# Best Bell Boots?



## loveyourhorse (Jun 17, 2011)

My mare has a serious overreach and is going through bell boots left and right. I usually get the rubber pull on ones, double thick bottoms but she is shredding them every 2-4 weeks. 

Her feet were just done 2 weeks ago. My farrier squared the toes on the hind feet and put half rounds on the front to see of they will help her break over faster. 

I have tried the "no turn" bell boots and let me just say... They still turn! 

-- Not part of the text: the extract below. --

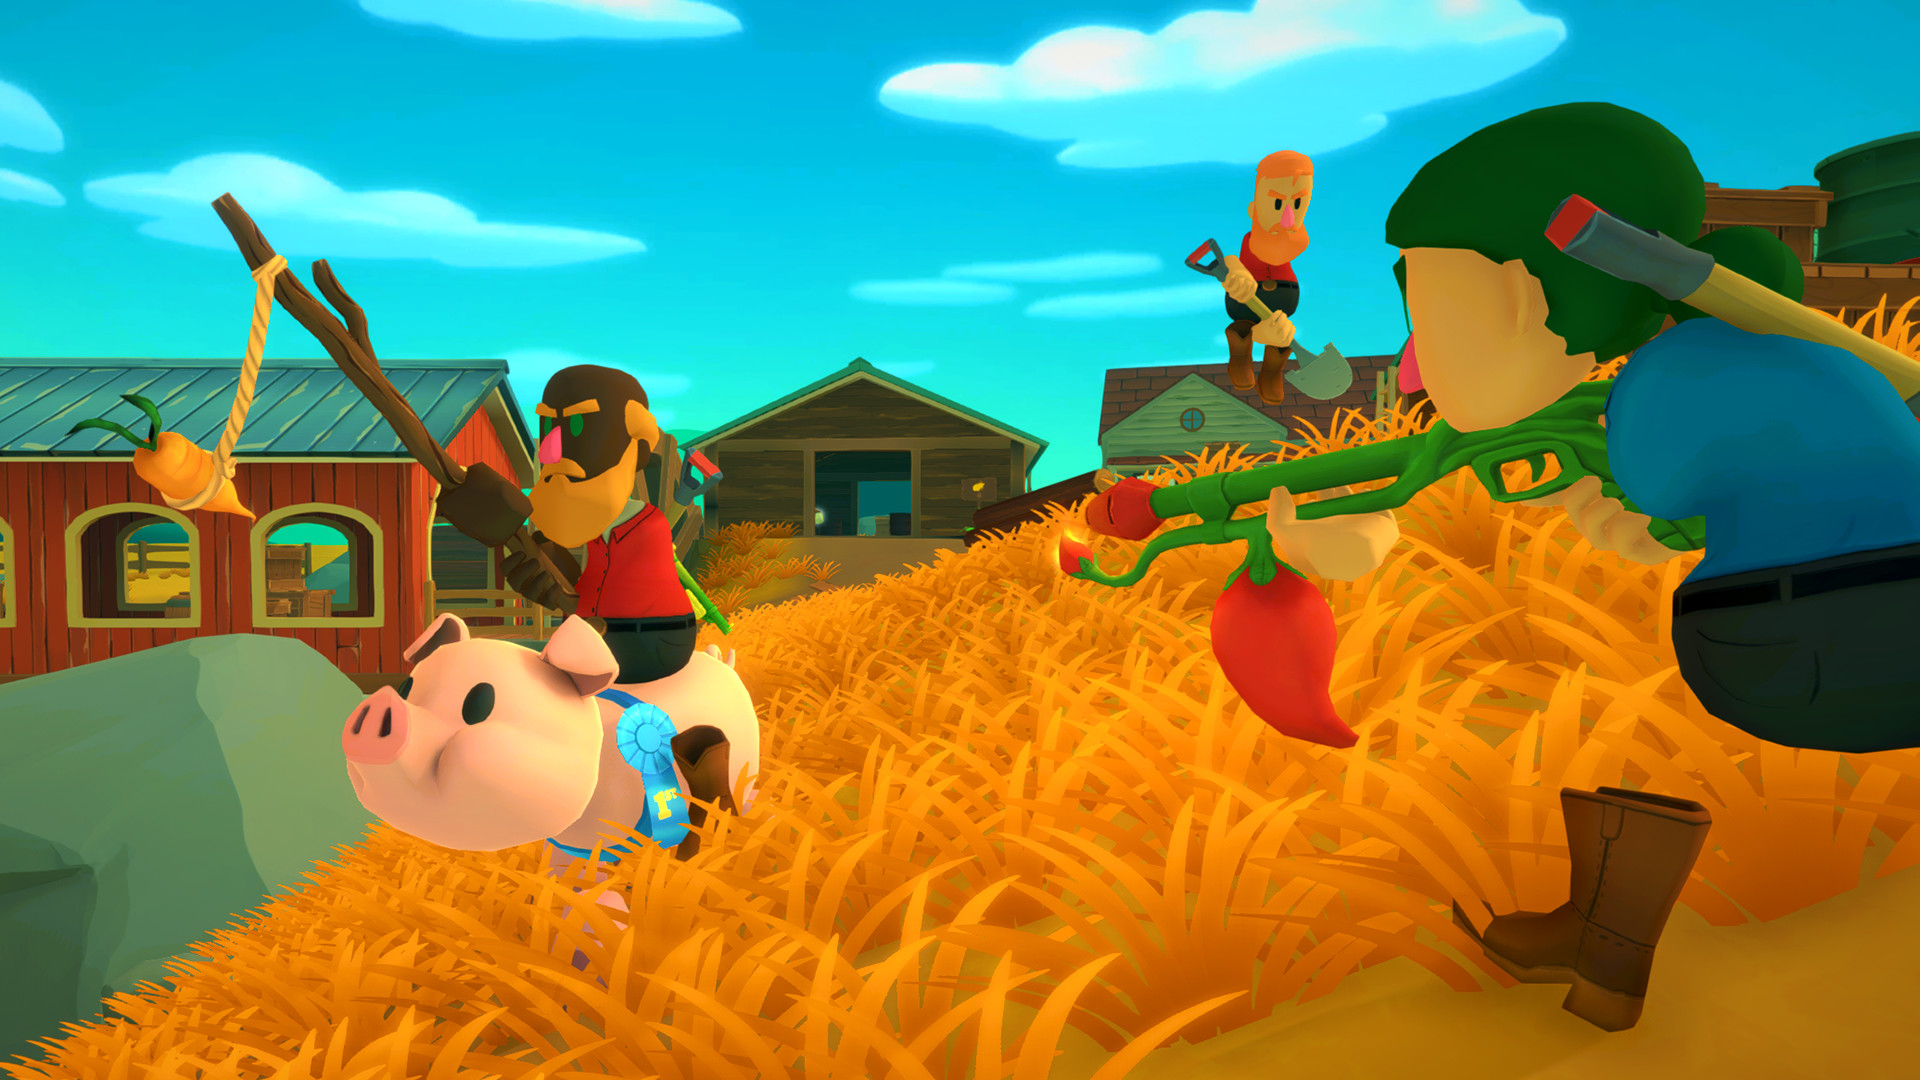 Shotgun Farmers screenshot

Anyone have some suggestions on good bell boots that really hold up?
_Posted via Mobile Device_


----------



## aforred (May 12, 2010)

The Classic Equine and Pro Choice bell boots work for me. I love the ballistic no-turns, but if you don't put them on exactly right, they do turn. It's important to get the proper size and placement. The ballistic nylon ones seem to last a good long time.


----------



## kitten_Val (Apr 25, 2007)

To ride or for turn out? For turn out I'd just keep going with the cheapest rubber pull-ons (everything else breaks even faster, and more expensive in general). My qh has pull-ons 24/7.


----------



## aforred (May 12, 2010)

Oh, I didn't even consider turnout. 

I would not recommend anything other than pull-ons for turnout, because I've seen horses pull off boots with velcro. And sometimes, it wasn't the horse wearing the boot.


----------



## loveyourhorse (Jun 17, 2011)

She keeps them on 24/7 otherwise she will pull her shoes. Just didn't know if there are other brands that people have used that hold up longer.
_Posted via Mobile Device_


----------



## kitten_Val (Apr 25, 2007)

^^ Nope. I tried velcros, and I tried those more pricy neoprene ones. Rubber pull-ons lived the longest for me.


----------



## ziptothestar (Jan 29, 2012)

I use the brown gummy, rubber pull-ons 24/7. Beval is my preferred brand.


----------



## loveyourhorse (Jun 17, 2011)

Ziptothestar, I use the gummy ones too.. Double thick.. Not sure what brand they are though. I guess I just have to keep buying them...

Thanks everyone!
_Posted via Mobile Device_


----------



## chukka (Jun 14, 2012)

I really like these No Turn bellboots. I purchased these bell boots after every other pair I own rubbed my new horse's sensitive skin. I was impressed with the quality and construction of these boots - they are very well made and have held up well so far! The fit is great, my mare has a lot of bone and these are adjustable enough to fit her well. No rubbing after many weeks of wear. These are less expensive than many other brands I've tried and still hold up better and do the job better. Love the color choice and would definitely recommend these!


----------